7 thoughts on “The French regional banks – part two (2/2)

  1. Thanks for the article. I don’t own all of them, not for any particular reason , at the time I simply had a certain amount to invest and it made more sense to buy fewer. Only one has performed badly, and that is CRPB2 , would you have any idea why this might be the case ?


    1. Always nice to hear from someone who also owns some of the regional banks, there aren’t to many of us out there 🙂 How long have you been an shareholder and how did you come across the idea?
      My knowledge about the individual banks is quite limited I must admit. I found it hard from a language point of view to dig into the specific banks. Thats one of the reasons I decided to buy a basket of all thirteen. So for your question I unfortunately have no good answer.


      1. Since November 2014 and I may have added a little since then. I first heard about them a year earlier listening to a manual of ideas podcast where the fund manager from Amiral Gestion was interviewed. I then dragged my feet and finally bit the bullet after an oddball stocks recommendation. I also had an article in Les Echos, which described some of the banks in terms of their regions, and I I used that to help me decide which 6 to buy.

        Liked by 1 person

  2. Great post! It is rare to see such well written research on blogs. Kudos to you, Sir.
    Personally I am hesitating to invest in French stocks at this juncture because of the upcoming general elections in June, and I am cautious about the european banking sector due to uncertainty about new Bâle IV rules.


    1. Thanks for your kind words Joe, that means a lot!
      Thats what people said pre-Brexit, pre-Trump and pre-Basel III as well 😉 I understand your concern but I don’t think it should affect the way you approach investing. I always think of the quote: “this too shall pass” and that in investing you get rewarded for not avoiding uncertainty. Also, banks are the very heart in our capitalistic societies so although future Basel requirements might be more stringent I’m quite sure they won’t change the the situation a lot. I might be wrong but the decisions I take is based on the circumstances and fact i have today, everything else is speculation.


  3. Väldigt bra write-up! Ser ju onekligen intressant ut, med 5% direktavkastning, 5% årlig tillväxt i bokfört EK, alla banker klarade sig fint igenom finanskrisen med positiv vinst samt potentiella katalysatorer.
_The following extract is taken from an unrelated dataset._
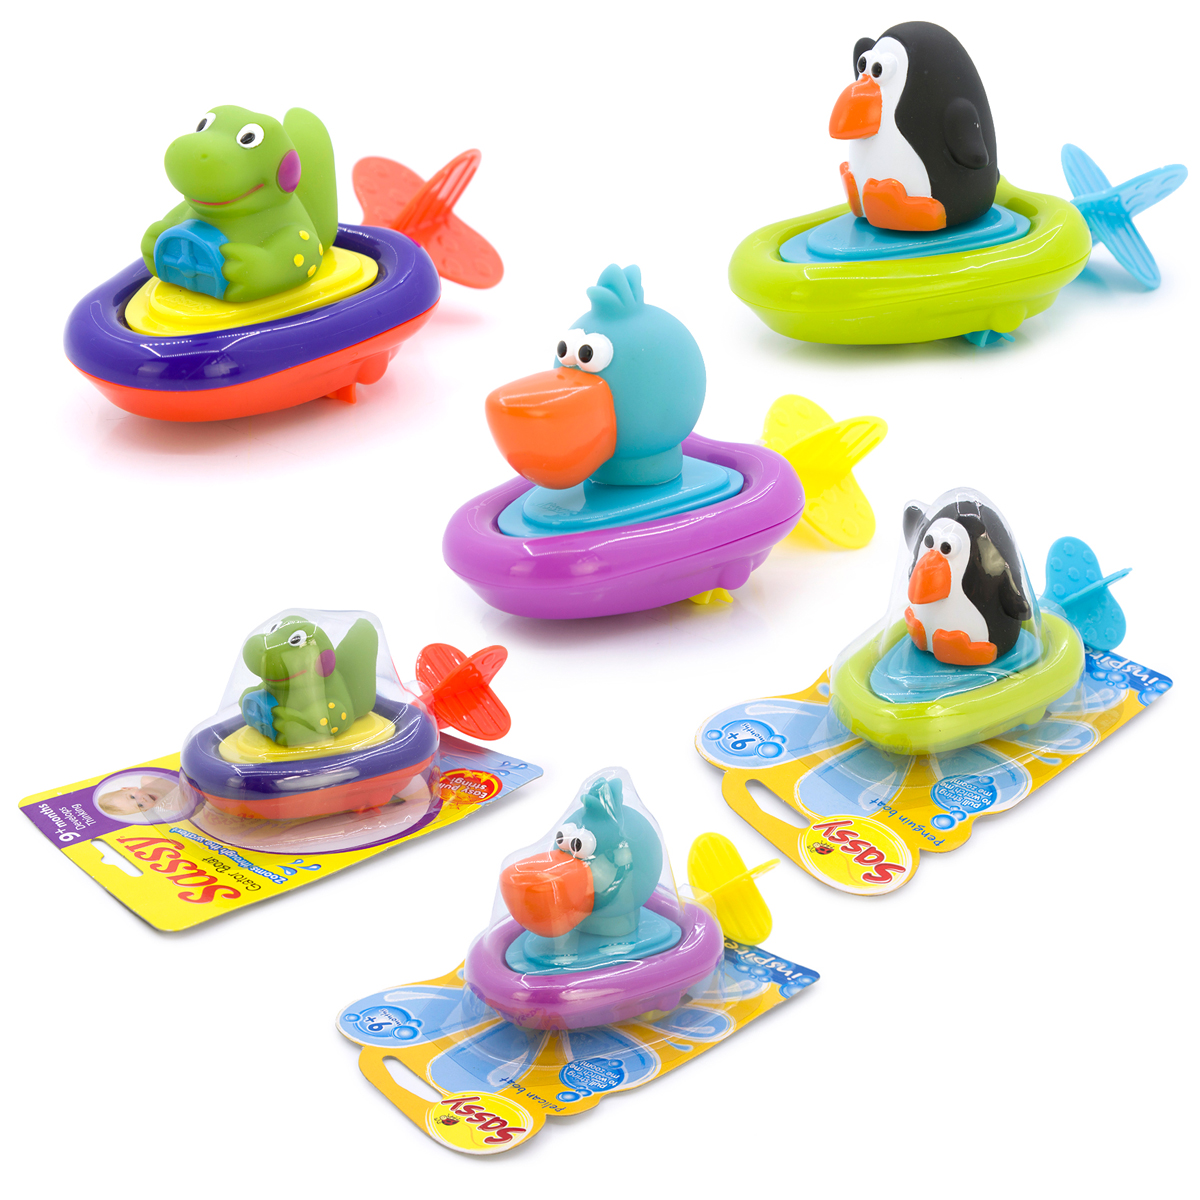 Sassy boat宝宝洗澡玩具拉线发条会跑 游泳 戏水动物造型三款套装

    Jag vet inte om du sett denna länk–>

    Men Nate från oddball stocks väcker några frågor bl.a. att regionsbankerna lånar ut delar av deras deposits till Credit Agricole group. Givet den nya strukturen, så har ju regionsbankerna ett fortsatt stort ägarintresse I Credit Agricole S.A. och jag antar att de kommer fortsatta låna ut deras kapital till denna bank så givet en investering i regionsbankerna så tar man potentiellt risk mot Credit Agricole S.A. Har du funderat nåt på detta?

    För övrigt: i Credit Agricole S.A. årsredovisning för 2015 står det: “Due to internal financial mechanisms within Crédit Agricole Group, savings deposited in the Regional Banks (passbook savings accounts, home savings plans, savings bonds and term accounts, time deposits, etc.) are centralised on Crédit Agricole S.A.’s balance sheet.”


    1. Tack för de värmande orden Wiman 🙂

      En bra och viktig fråga även om jag inte haft den i fokus! Diskussionen på COB har jag läst några gånger. Har försökt gräva i det men kommer inte till någon bra och djupare slutsats om det är till fördel/nackdel för regionbankerna, troligen både och. Värt att poängtera är att både “risk and benefits” av fordringarna kvarstår hos regionbankerna även om de lånas ut till ACA. Som du är inne på finns det en exponering mot ACA via en investering i regionbankerna men jag ser inte enbart det som en nackdel/risk.

      Gällande citatet från 2015 årsredovisningen är min gissning att det hänförs till och förklaras av att ACA då ägde ca 25 % i varje regionbank.